This article answers the eleven questions that corrosion, materials Inconel 625:
What makes Inconel 625 so resistant to corrosion?
What is its PREN?
How does it perform in seawater and chloride environments?
Is it immune to chloride stress-corrosion cracking?
Which acid environments can it withstand?
How does it compare to 316L, 904L, 6Mo, and Hastelloy C-276?
What is its high-temperature oxidation resistance?
Does it require post-weld heat treatment for corrosion service?
Is it certified for sour-gas (NACE/ISO 15156) service?
Where is it actually used for corrosion resistance?
How can a buyer verify its corrosion performance?
Inconel 625 resists corrosion because its chemistry — nickel ≥58%, chromium 20–23%, molybdenum 8–10%, and niobium (columbium) 3.15–4.15% — forms a fast-healing, chrome-rich passive film and combines oxidizing (Cr) and reducing (Mo, Nb) corrosion protection in a single alloy.
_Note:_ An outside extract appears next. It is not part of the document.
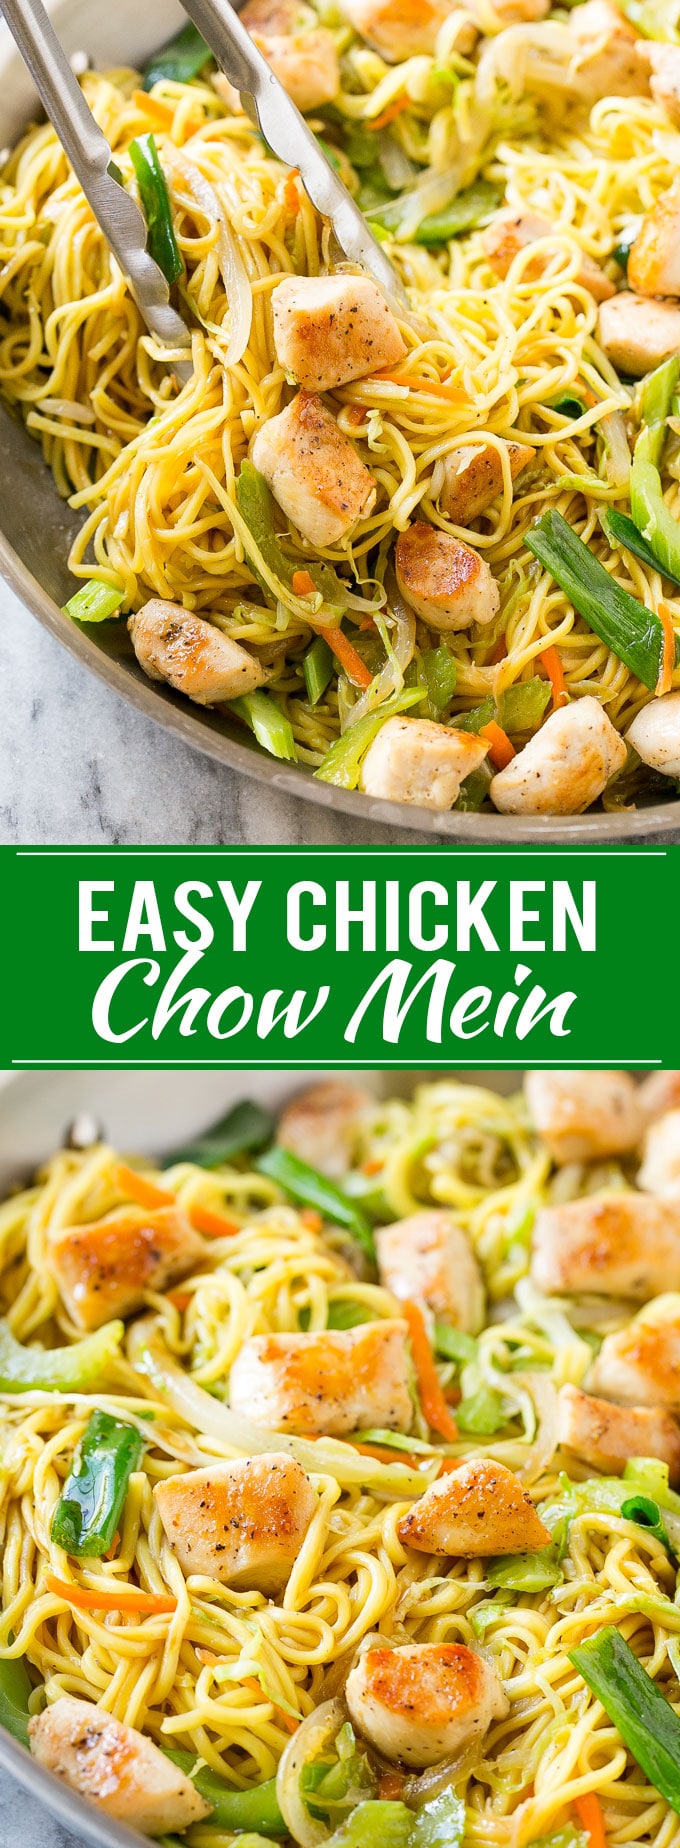 Chicken Chow Mein Recipe | Easy Chicken Recipe | Chow Mein | Chinese Food #chowmein #takeout #asianfood #dinneratthezoo

Corrosion resistance in metals comes from a stable, self-repairing passive oxide film. Inconel 625 achieves this through a synergistic blend of elements:
Nickel (≥58%): Provides the base that keeps the alloy ductile and, critically, makes it immune to chloride stress-corrosion cracking—the failure mode that destroys austenitic stainless steels.
Chromium (20–23%): Forms a tenacious Cr₂O₃ passive film that protects against oxidizing acids and high-temperature oxidation.
Molybdenum (8–10%): Confers resistance to localized attack—pitting and crevice corrosion—in chloride and reducing-acid environments; molybdenum is the single most important element for chloride resistance.
Niobium/Columbium (3.15–4.15%): Strengthens the alloy by precipitating gamma-double-prime (γ″) without requiring a sensitizing heat treatment and stabilizes the structure against intergranular corrosion.
The nominal composition of alloy 625 is summarized below:
Element | Composition Limit (wt.%) | Role in Corrosion Resistance |
Nickel (Ni) | ≥ 58.0 | Base; immune to chloride SCC |
Chromium (Cr) | 20.0 – 23.0 | Passive film; oxidation resistance |
Molybdenum (Mo) | 8.0 – 10.0 | Pitting/crevice resistance in chlorides |
Niobium + Tantalum (Nb+Ta) | 3.15 – 4.15 | Strengthening; intergranular stability |
Iron (Fe) | ≤ 5.0 | Controlled; kept low to maximize Ni effect |
Cobalt (Co) | ≤ 1.0 | Limited; does not harm corrosion behavior |
Carbon (C) | ≤ 0.10 | Low C avoids sensitization |
Manganese (Mn) | ≤ 0.50 | Minor; limited to avoid harmful phases |
Silicon (Si) | ≤ 0.50 | Minor; limited for weldability |
Sulfur (S) | ≤ 0.015 | Kept very low to protect hot ductility |
Inconel 625 has a Pitting Resistance Equivalent Number (PREN) of roughly 48–52 — among the highest of any commercially wrought alloy. This is why it resists pitting and crevice corrosion in chloride environments where 316L (PREN ~25) and even 6Mo super-austenitic stainless (PREN ~43) eventually fail.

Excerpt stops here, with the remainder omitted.